Your goal:
Output the listing below verbatim, without images.

Data section:
::::::::

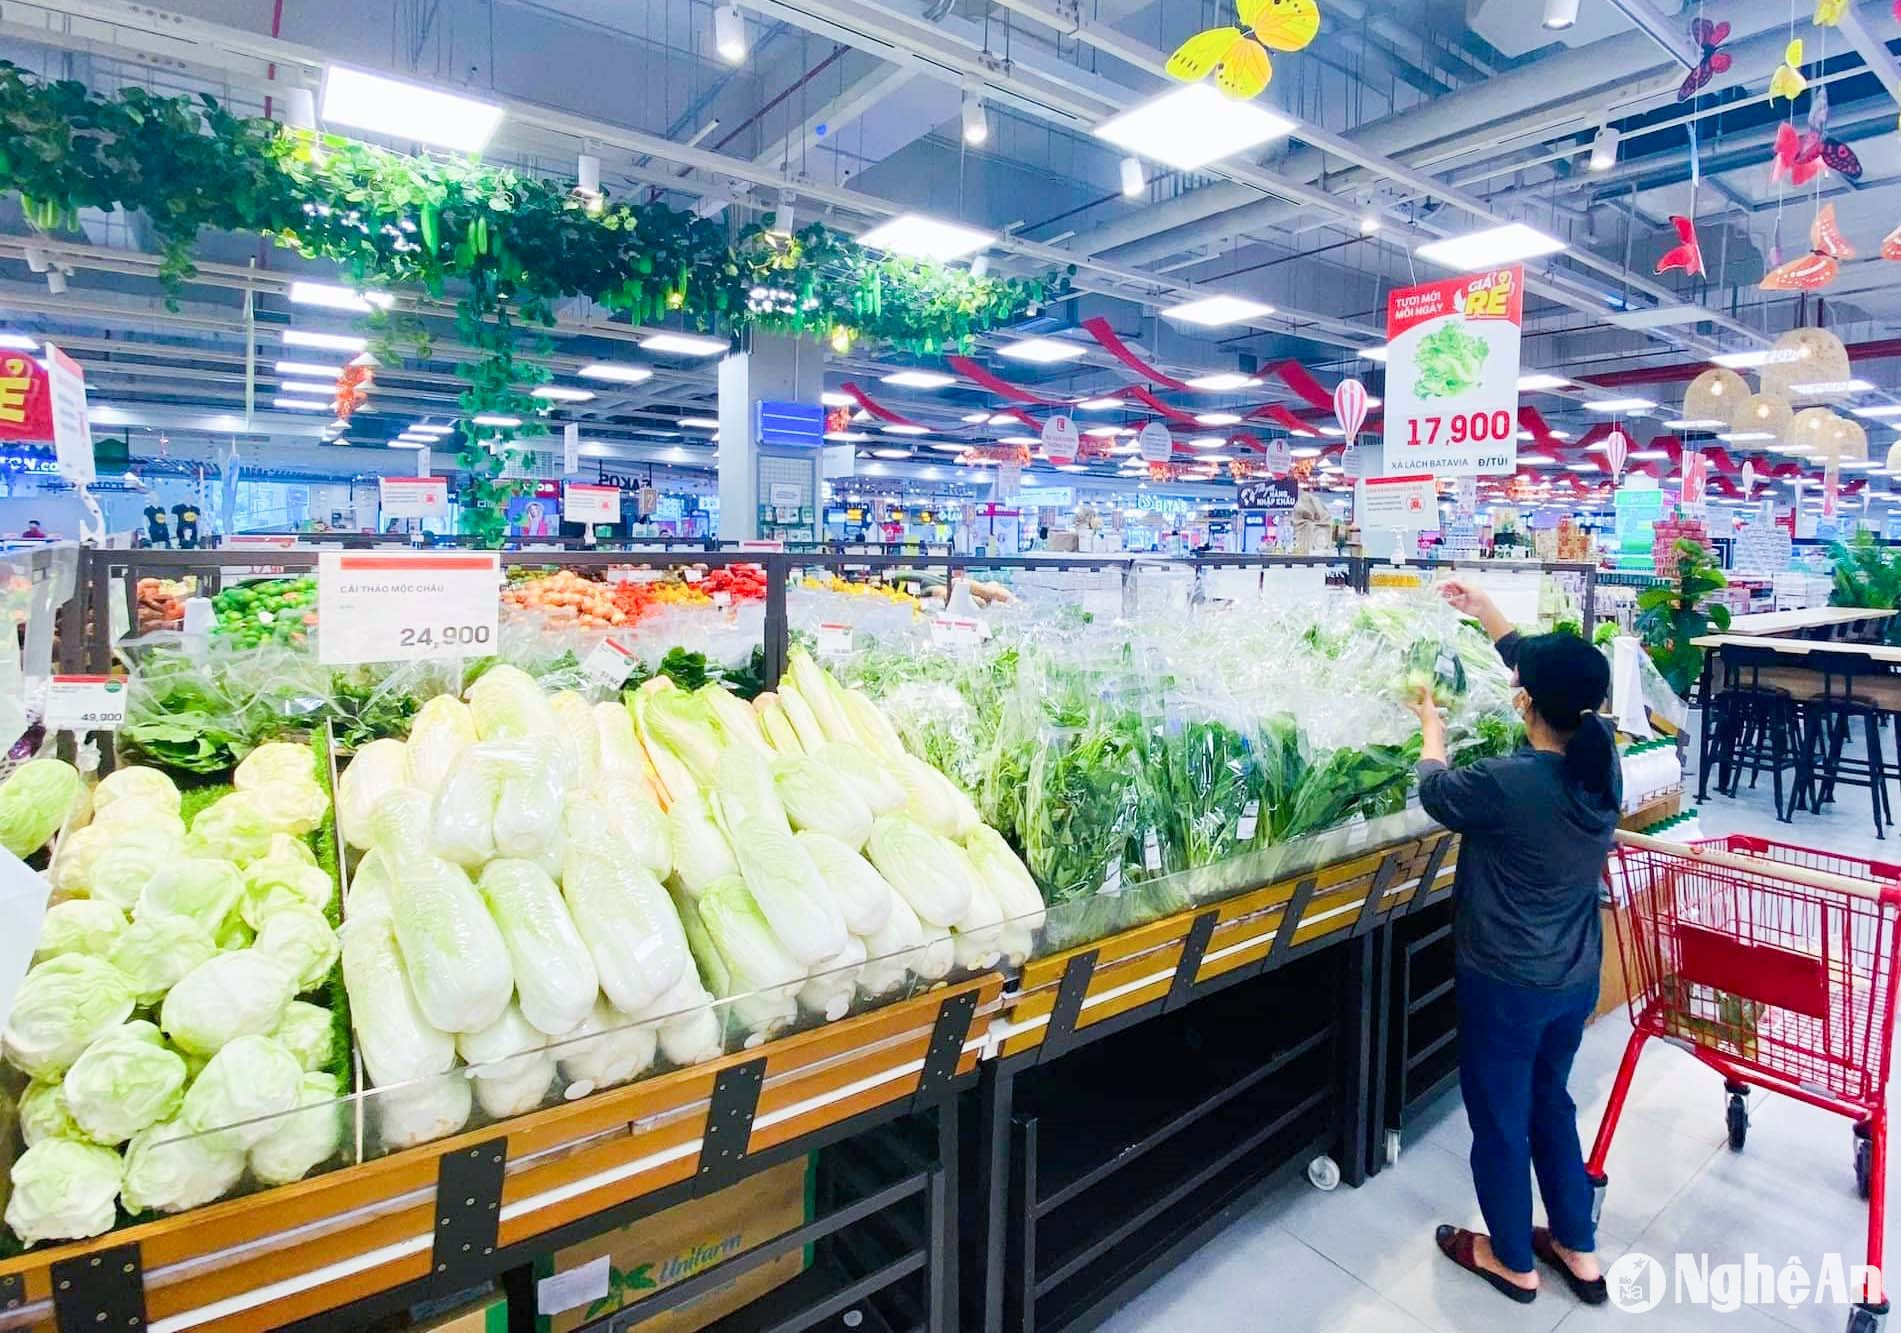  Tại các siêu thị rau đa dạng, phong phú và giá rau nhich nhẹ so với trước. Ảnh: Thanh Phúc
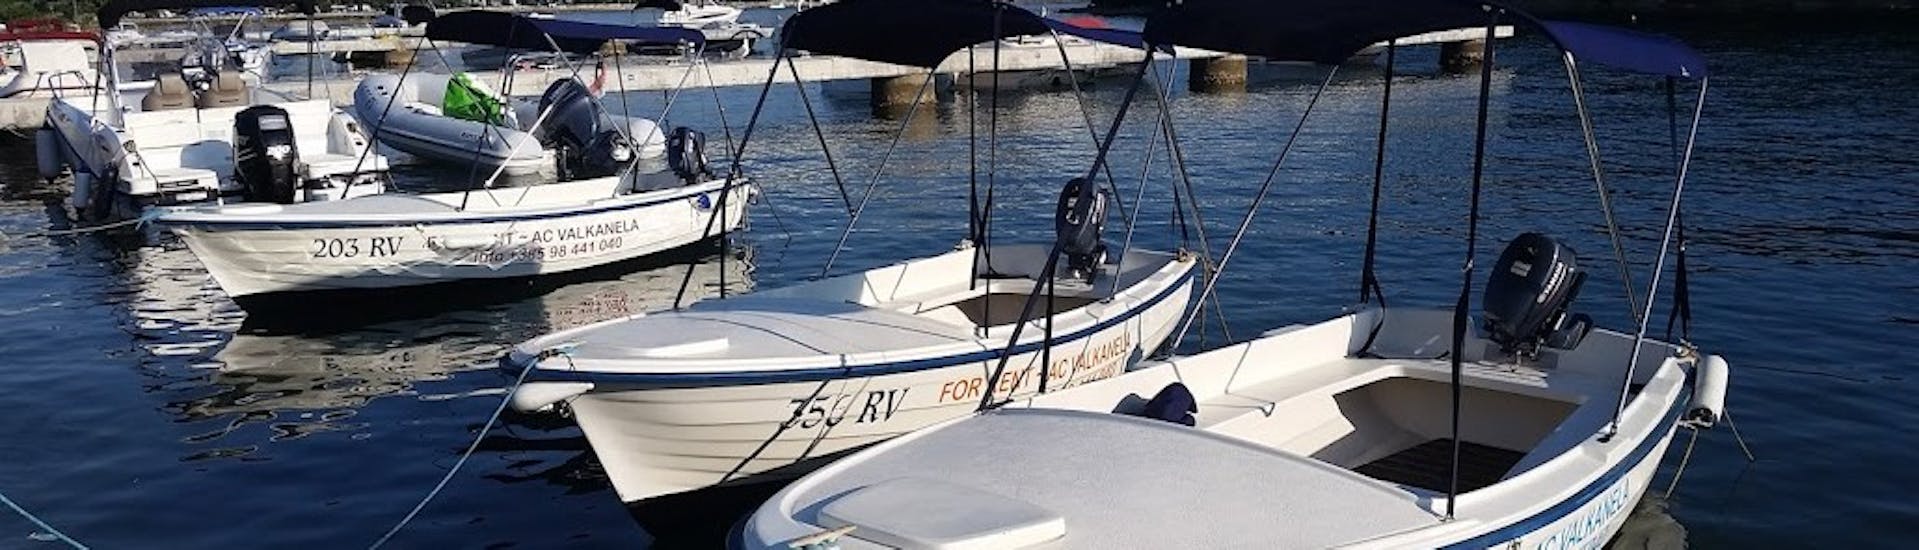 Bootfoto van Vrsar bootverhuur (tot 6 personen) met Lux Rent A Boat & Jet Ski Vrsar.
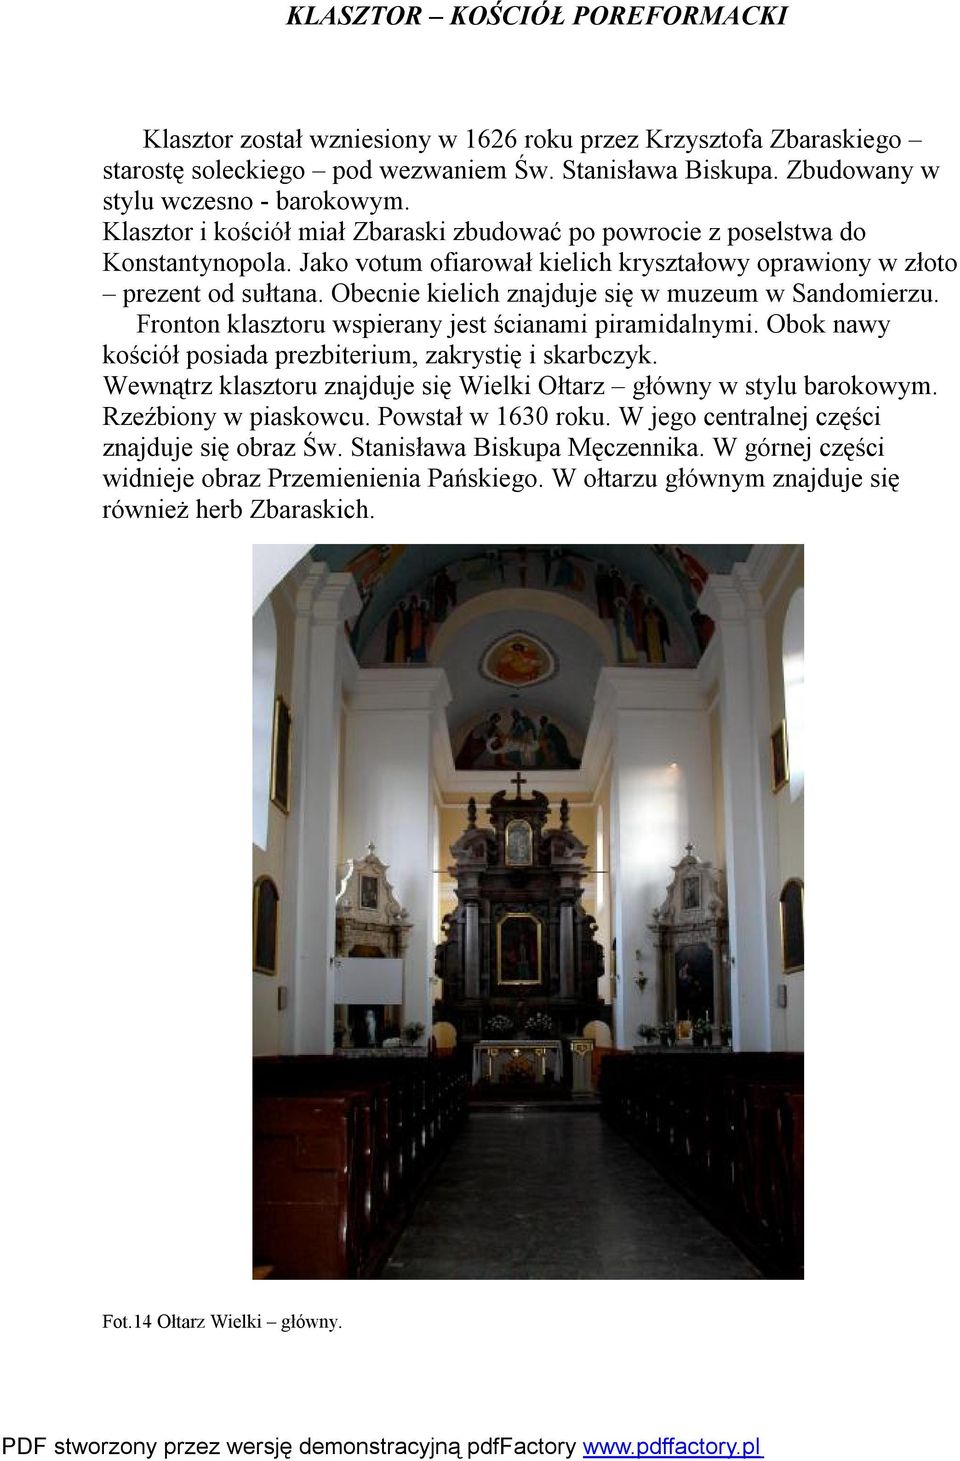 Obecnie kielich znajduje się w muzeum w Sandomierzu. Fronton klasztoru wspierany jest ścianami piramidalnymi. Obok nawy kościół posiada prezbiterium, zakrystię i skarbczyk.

::::::::

Exercise result:
  Tại các siêu thị rau đa dạng, phong phú và giá rau nhich nhẹ so với trước. Ảnh: Thanh Phúc
 Bootfoto van Vrsar bootverhuur (tot 6 personen) met Lux Rent A Boat & Jet Ski Vrsar.
 Obecnie kielich znajduje się w muzeum w Sandomierzu. Fronton klasztoru wspierany jest ścianami piramidalnymi. Obok nawy kościół posiada prezbiterium, zakrystię i skarbczyk.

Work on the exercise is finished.